January 4, 2020

Dear Nikiko,

I’m sitting in the bright light of January, summoning memories of our work together, thinking on the meaning of memory work, four days into the new decade.

Last night, I dreamt of my grandparents. They were returning from camp, but it wasn’t 1945, it was the present day, and they were alive, and coming home, and I was in my home making a bed for them to sleep in. 

They seemed so happy. I was so happy to welcome them.

Perhaps healing is a kind of homecoming?

Before me on my writing desk is the stone we painted that afternoon last November, “memory crafting” with our elders at the Vintage Gardens Assisted Living Community. On it, inscribed in black sharpie: “Alma Teranishi Saito” and “Mitsuo Saito,” the names of my grandmother and grandfather.

You took it—along with a basket of similar stones—to Gila River, the place where our grandparents were incarcerated during the war. 

You carried each stone, as we carry memory, to the desert basin where they made a home.

Have I thanked you enough for this?

Have I thanked you for making the journey, for carrying the weight of our memories, for bringing back home to me my family’s stone—their names made alive by the pilgrimage? 

Have I thanked you for your incantation, for the words you read at Gila when our community gathered in annual pilgrimage?

I wish I could have been there to hear you in person.

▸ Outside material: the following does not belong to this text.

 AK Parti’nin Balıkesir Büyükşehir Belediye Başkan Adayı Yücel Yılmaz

I cheered you from afar, imagining the long car ride through southern deserts, the morning November heat, the stones laid in a circle—each one inscribed with the names of a survivor, our circle of elders.

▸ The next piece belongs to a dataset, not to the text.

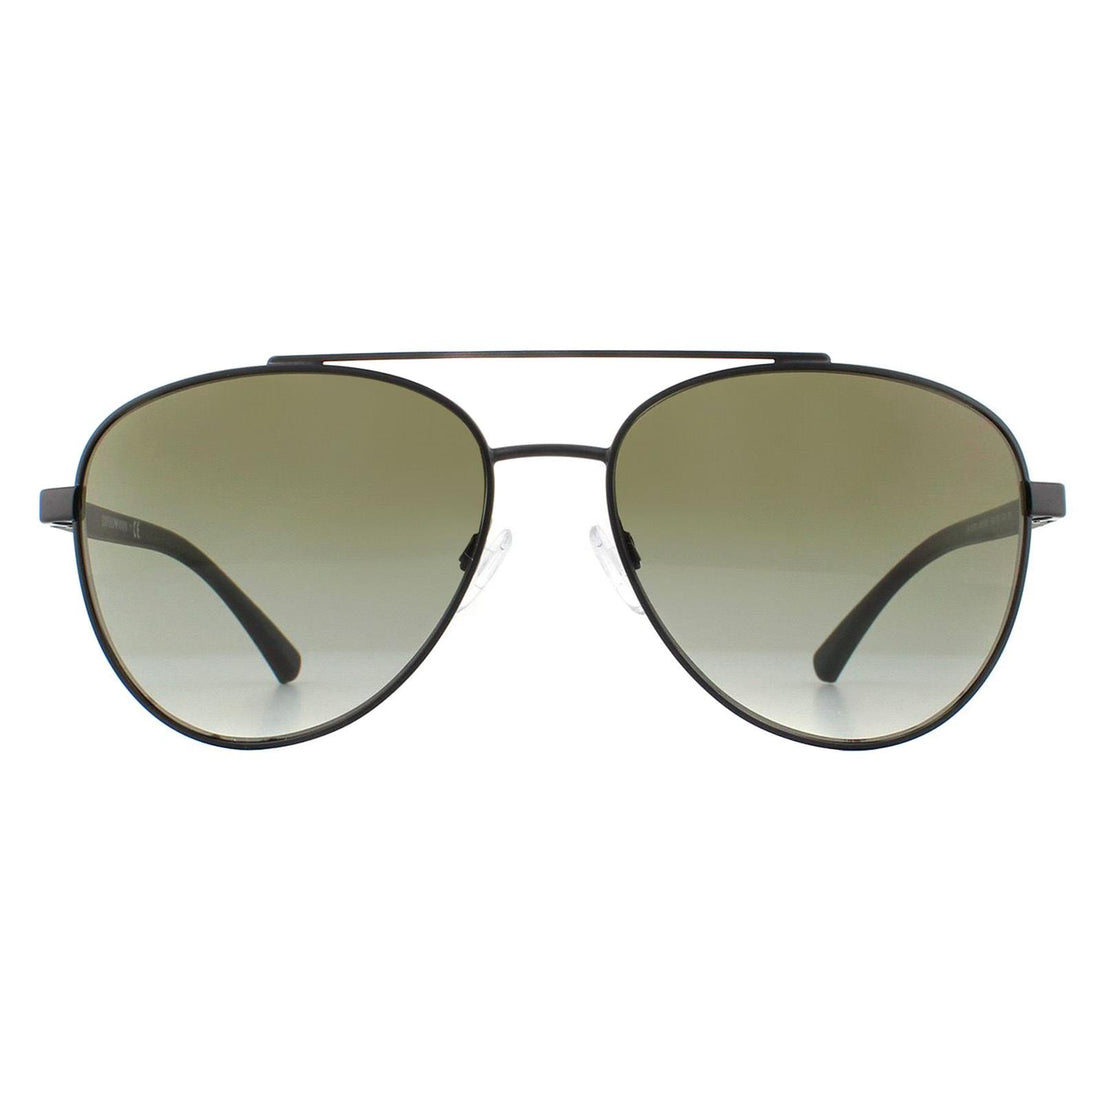 Emporio Armani EA2079 Sunglasses

“My generation is now the door to memory,” says Joy Harjo. “This is why I am remembering.”

You told me once: our generation is the last one to know the feel of the Nisei’s hands.

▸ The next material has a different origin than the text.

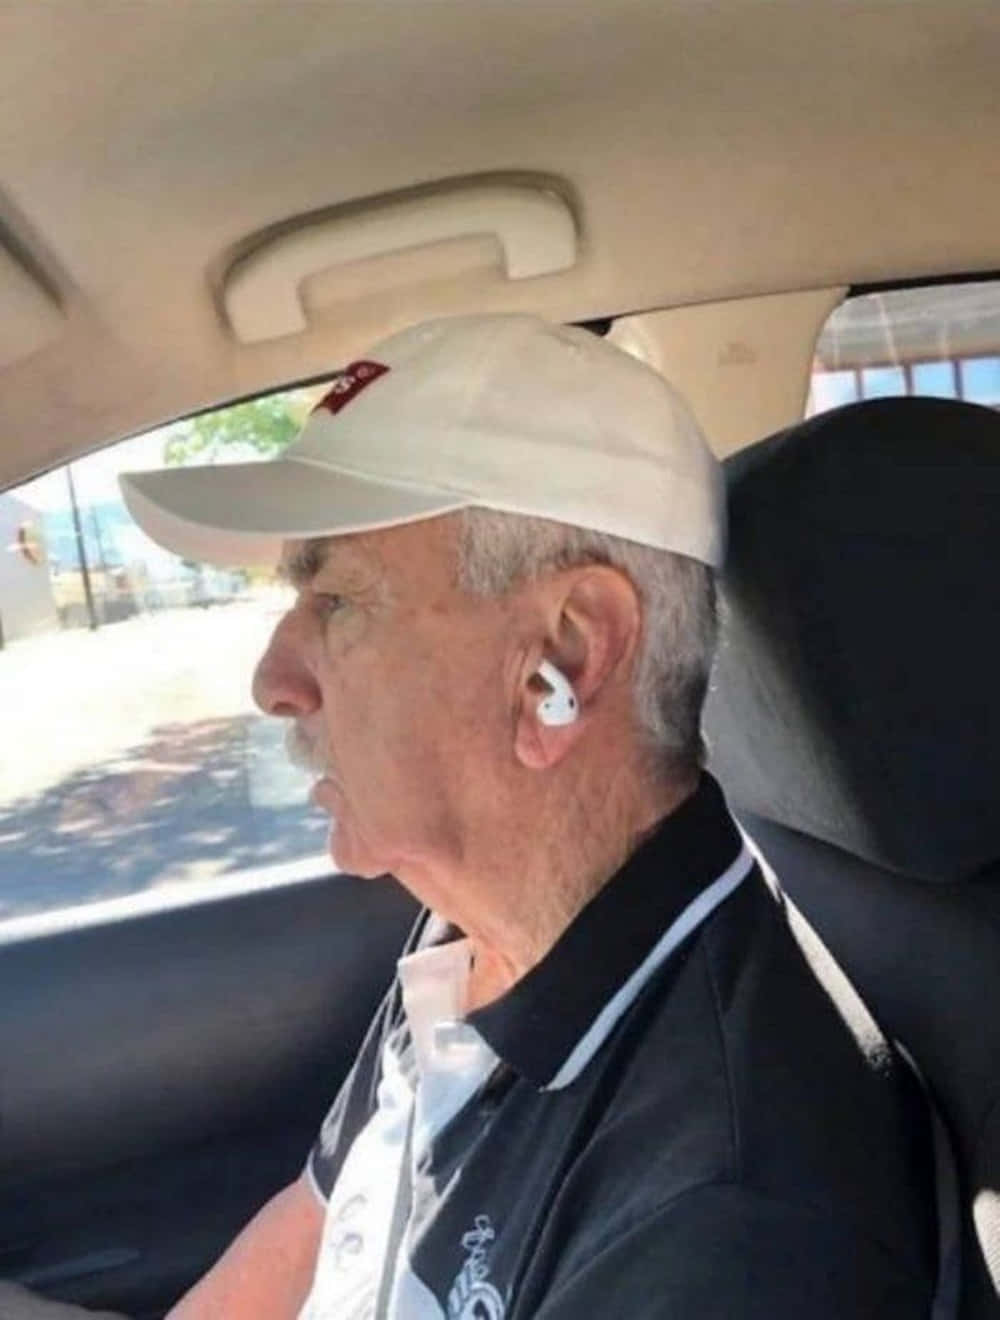 Lustigesdummes Bild Von Einem Alten Mann Mit Kopfhörern

Nikiko, my hands are rough with winter—they’re new to me, they’re aging. In the dream, I use my hands to make a bed for them—Alma, Mitsuo; they stand shoulder to shoulder, waiting, happy—home. 

“Memory keepers” is what we’ve been called. But perhaps we are more and less than this—we are currents, conduits. “I am memory alive,” says Harjo. “Memory is the nucleus of every cell; it’s what runs, it’s the gravity, the gravity of the Earth.” 

Dear sister, are we memory alive? Are we doorways to memory?

Tell me who you are in the new year.

Tell me your prayers—your “memories of the future,” as our friend Will puts it.

And let me thank you, again and again, for your hands—their labor, their holding, their strength through each season of memory work.

Bless the light that gathers in your open palms.